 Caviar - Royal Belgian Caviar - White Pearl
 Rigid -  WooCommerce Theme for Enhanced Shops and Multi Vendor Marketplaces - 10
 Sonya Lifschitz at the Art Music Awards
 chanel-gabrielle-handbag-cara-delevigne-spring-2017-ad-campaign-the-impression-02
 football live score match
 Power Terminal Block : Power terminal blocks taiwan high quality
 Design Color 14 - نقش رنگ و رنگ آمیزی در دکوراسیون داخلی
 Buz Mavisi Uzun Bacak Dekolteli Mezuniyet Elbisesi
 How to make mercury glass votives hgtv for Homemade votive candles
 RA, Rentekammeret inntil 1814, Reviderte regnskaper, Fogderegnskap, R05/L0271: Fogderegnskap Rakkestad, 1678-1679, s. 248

━━━━━━

What the task asks — Every entry must be printed again, exactly as it reads.

Response for this exercise —
 Caviar - Royal Belgian Caviar - White Pearl
 Rigid -  WooCommerce Theme for Enhanced Shops and Multi Vendor Marketplaces - 10
 Sonya Lifschitz at the Art Music Awards
 chanel-gabrielle-handbag-cara-delevigne-spring-2017-ad-campaign-the-impression-02
 football live score match
 Power Terminal Block : Power terminal blocks taiwan high quality
 Design Color 14 - نقش رنگ و رنگ آمیزی در دکوراسیون داخلی
 Buz Mavisi Uzun Bacak Dekolteli Mezuniyet Elbisesi
 How to make mercury glass votives hgtv for Homemade votive candles
 RA, Rentekammeret inntil 1814, Reviderte regnskaper, Fogderegnskap, R05/L0271: Fogderegnskap Rakkestad, 1678-1679, s. 248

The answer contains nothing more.